Assignment
Nothing in the copy should be a picture; everything else in the listing is to be restated exactly.
Input data START
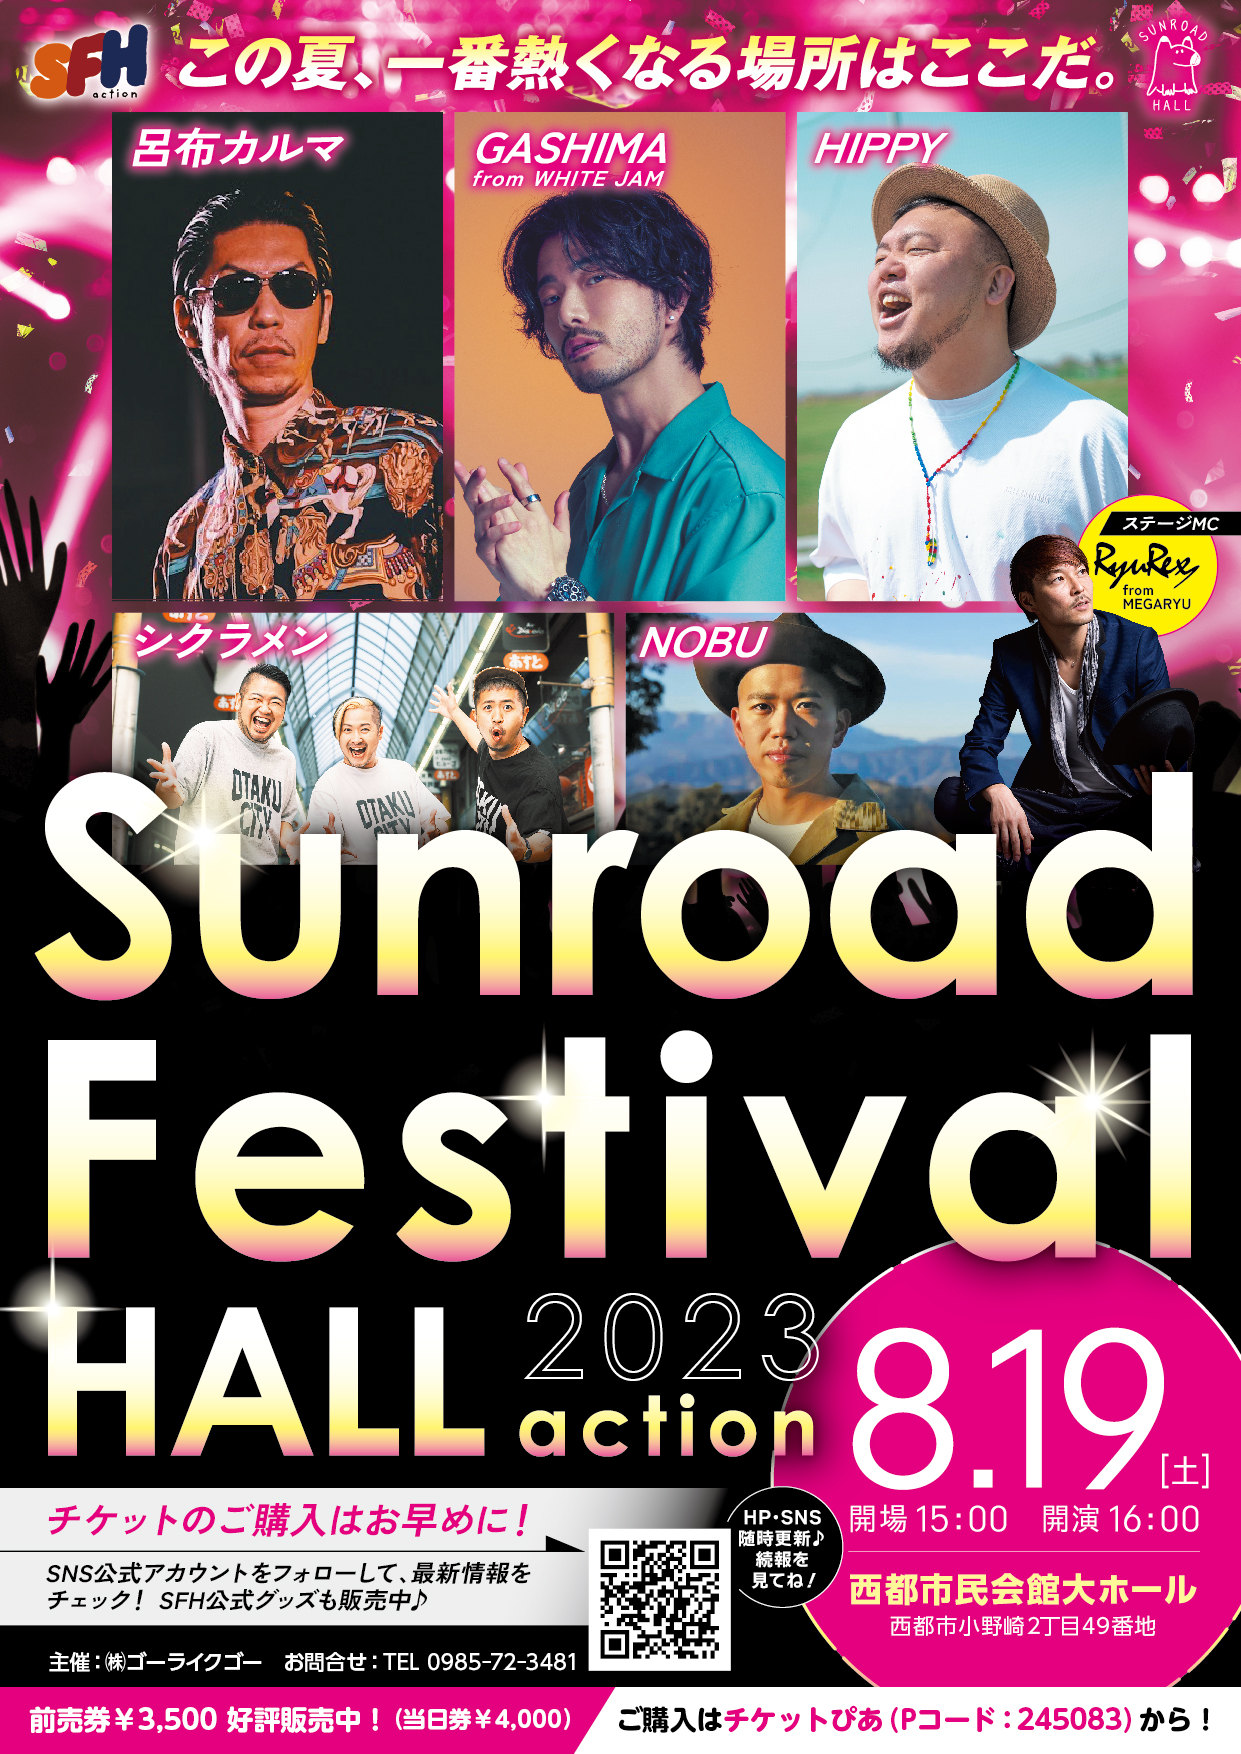 【貸館情報】Sunroad　Festival　Hall　2023action
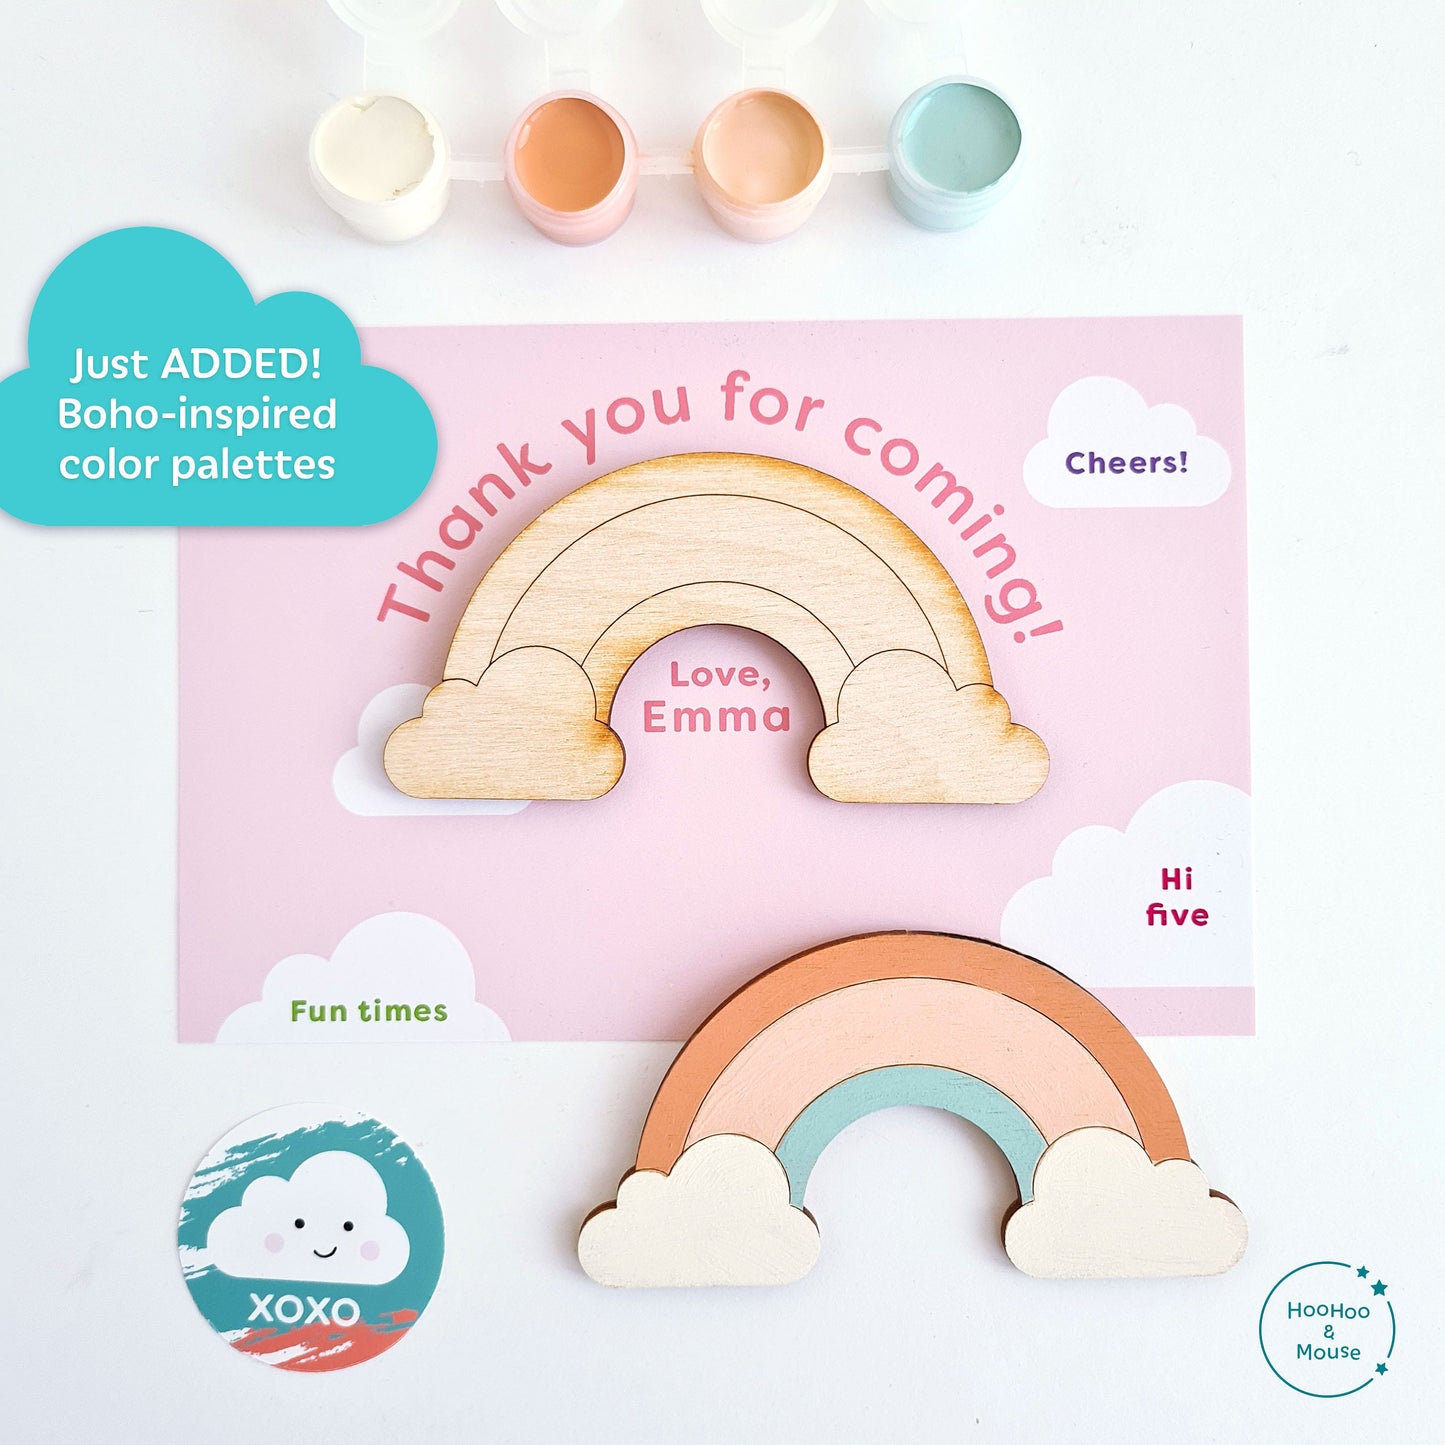 Rainbow Party Favor Paint Kit, personalized (Cloud Design)
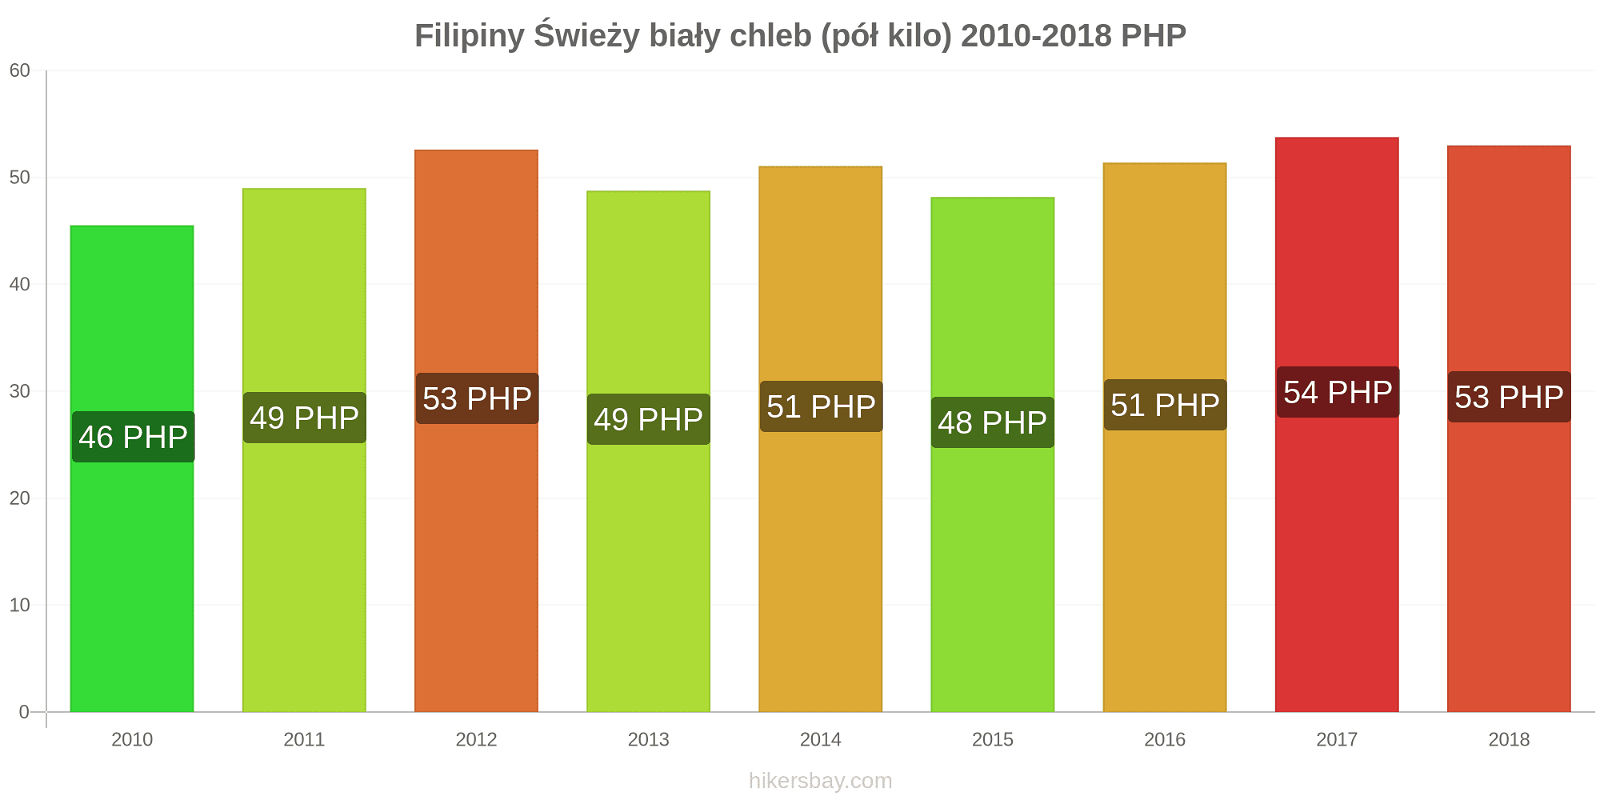 Filipiny zmiany cen Chleb pół kilo hikersbay.com
Input data END
Finished task
 【貸館情報】Sunroad　Festival　Hall　2023action
 Rainbow Party Favor Paint Kit, personalized (Cloud Design)
 Filipiny zmiany cen Chleb pół kilo hikersbay.com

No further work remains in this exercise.